E fece partire Born in the USA di Bruce Springsteen. Introdusse il pezzo spiegando dove nasceva e in quale contesto, poi passò all’analisi tecnica.
“I suoni come sentite non sono esasperati. Eppure è una delle canzoni più incazzate che siano mai state scritte. Non parla dell’orgoglio di essere americano, anzi. È una canzone di protesta incazzata contro le scelte del governo a stelle e strisce; con una melodia orecchiabile e un ritmo che ti fa saltare dalla sedia. Un genio...” concluse. Gli allievi dell’accademia ascoltavano la sua lezione e pendevano dalle sue labbra. Fu allora che lo vide tra la moltitudine di visi che riempivano la sala. E il cuore le mancò un battito. Da quanto non lo vedeva? Dalla scorsa estate. Da quando lo aveva tradito con un batterista con cui era in tour: un cinquantenne brizzolato che le aveva fatto perdere la testa per una sera. Aveva ceduto alle sue avances e poi appena tornata dal tour, consapevole del fatto che tra di loro non vi fosse alcun impegno, gli aveva confessato il tradimento. Anche se di tradimento non si poteva proprio parlare, dato che non erano certo fidanzati. Ma lui si era risentito, si era sentito tradito da lei e non aveva più voluto saperne nulla di lei. E lei… non si era sentita proprio in colpa ma ci era rimasta male per averlo ferito. E gli mancava terribilmente. Fece finta di nulla e continuò la lezione.
“Clash. Combat Rock. Disco epocale che segnò la fine della band inglese. Il pezzo si chiama Know your rights. Conosci i tuoi diritti. Anche qui… tanta incazzatura più nell’intento che non nei suoni: come potete sentire, non serve suonare heavy metal per sembrare cattivi. Basta l’intenzione in quello che fate...” disse alla fine della canzone. Lo guardava e inconsciamente riprese a fare quella cosa che faceva sempre quando era in sua presenza. Appoggiata alla scrivania, appoggiò la punta del piede a terra, piegò le dita e sfilò la scarpa, lasciando uscire il tallone. Non si rese nemmeno conto di farlo, se non quando girandosi per togliere il cd dallo stereo portatile lasciò la ballerina a terra, rimanendo col piede nudo.
“Pareri?”
“Non mi piace questa canzone...” disse un personaggio con gli occhiali e la faccia da topo.

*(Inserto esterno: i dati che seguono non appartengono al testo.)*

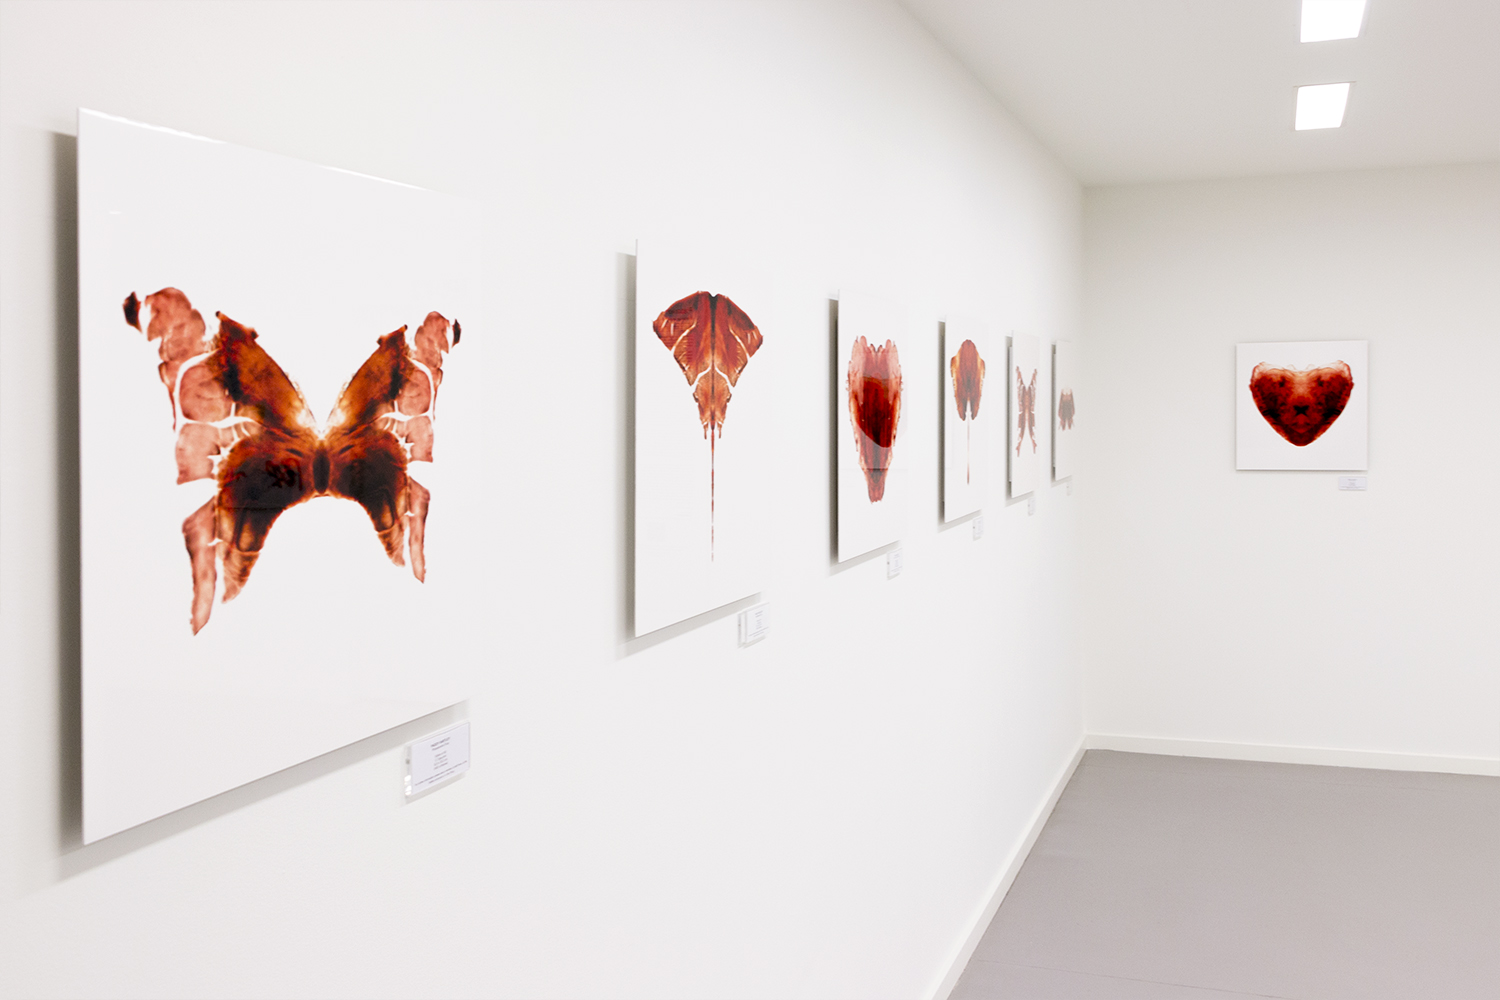  Saatchi Gallery, London  The Aligera Series 1.&nbsp;Lambs Heart tissue compositions. Limited edition C-Type prints.&nbsp; 
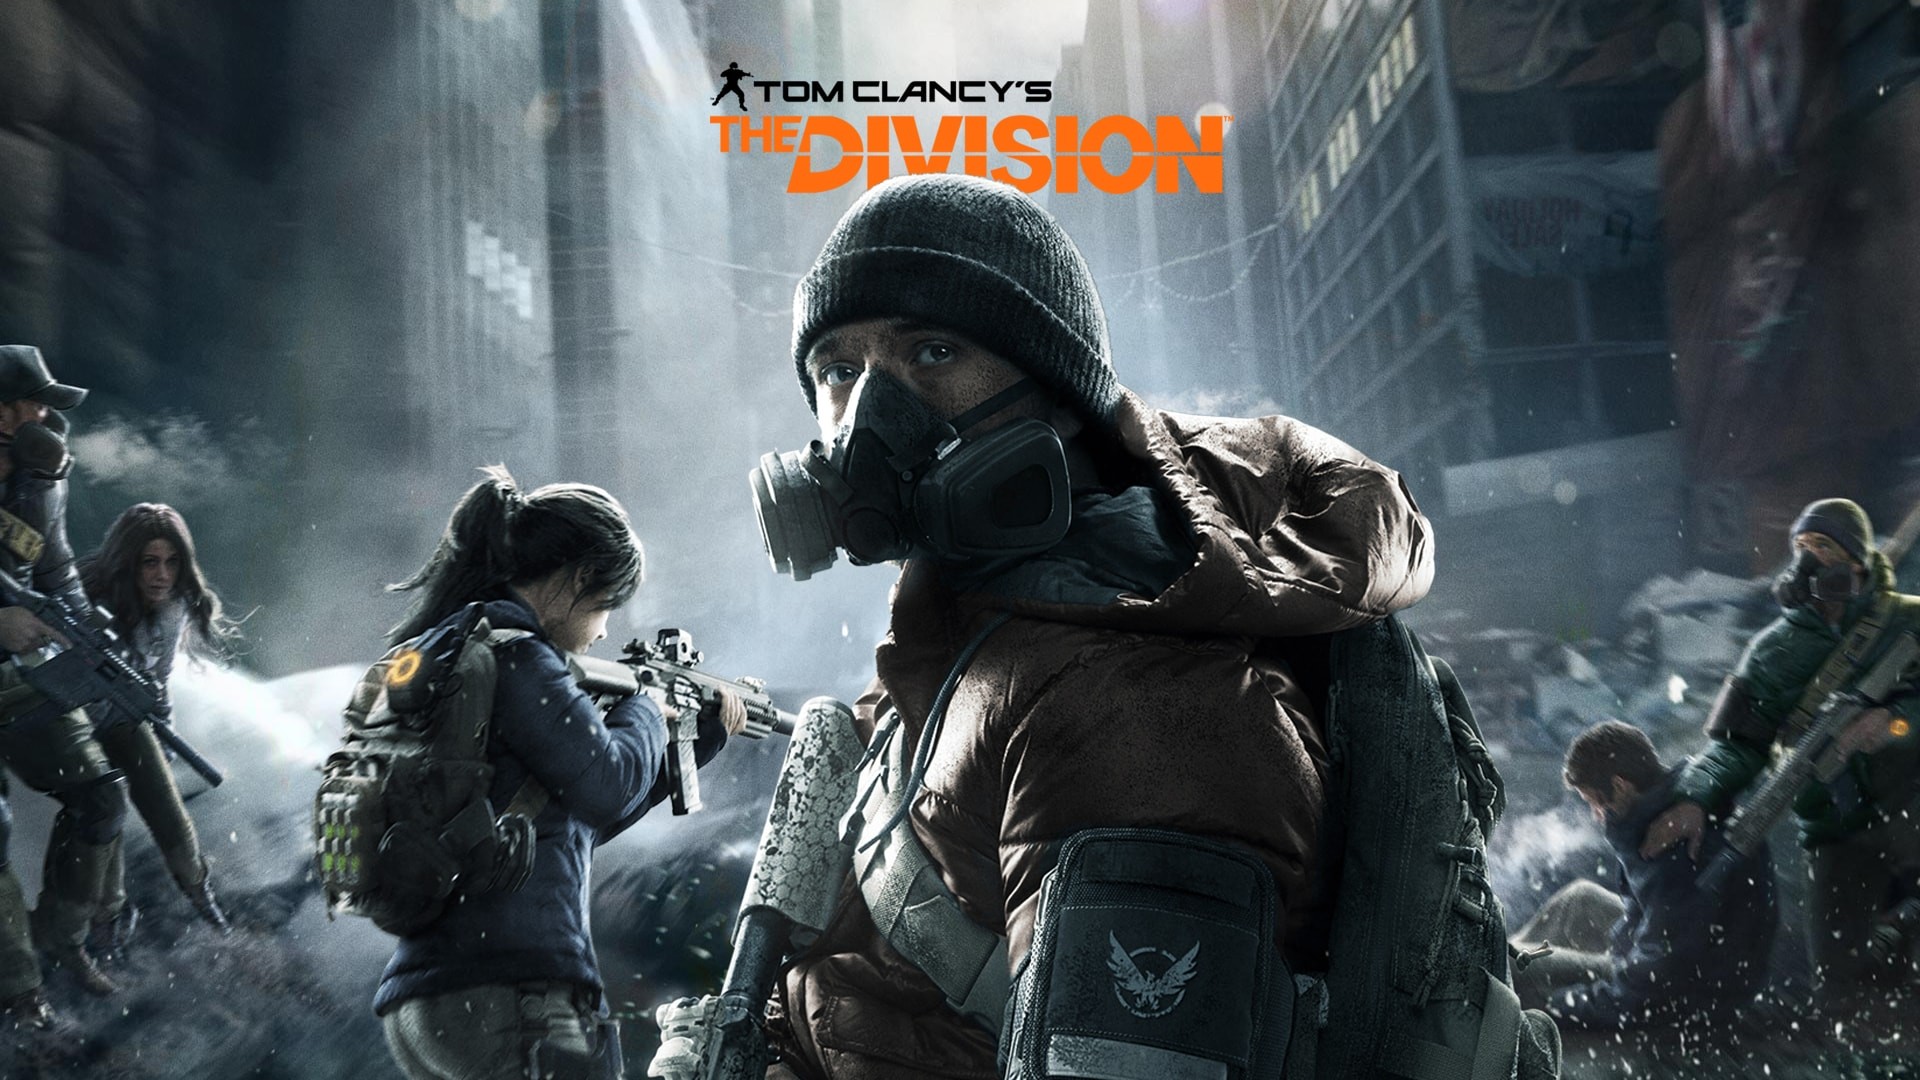 1920x1080 ... Tom Clancy's The Division Wallpapers hd

“Perchè non ti piace questa canzone?” chiese.
“Non c’è tastiera!!!” disse il ragazzo. Sembrava ce la stesse mettendo tutta per rendersi antipatico.
“Suoni la tastiera?” chiese lei.
“Sì.”
“E secondo te una canzone per essere bella deve avere necessariamente dentro lo strumento che suoni tu?”
“Beh… non mi piace una canzone se non ho delle belle parti di tastiera da sentire...”
“Belle parti? Tipo?”
“A me piace la roba tecnica…”
“Quindi per esempio un pezzo come Don’t you forget about me dei Simple Minds non ti piace...”
“Bah… sarà mica tastiera quella?” disse il roditore. "Sono solo quattro accordi..."
“Ma scelti con un gusto che a distanza di quarant'anni fa ancora scuola. Ti sembra poco? Inoltre, devi pensare... se una parte è funzionale o no alla canzone. Non solo quanto è difficile da suonare. L’emozione che esprime, le corde che tocca… non il numero di note al secondo che vengono suonate. Ci hai mai pensato, a questo?"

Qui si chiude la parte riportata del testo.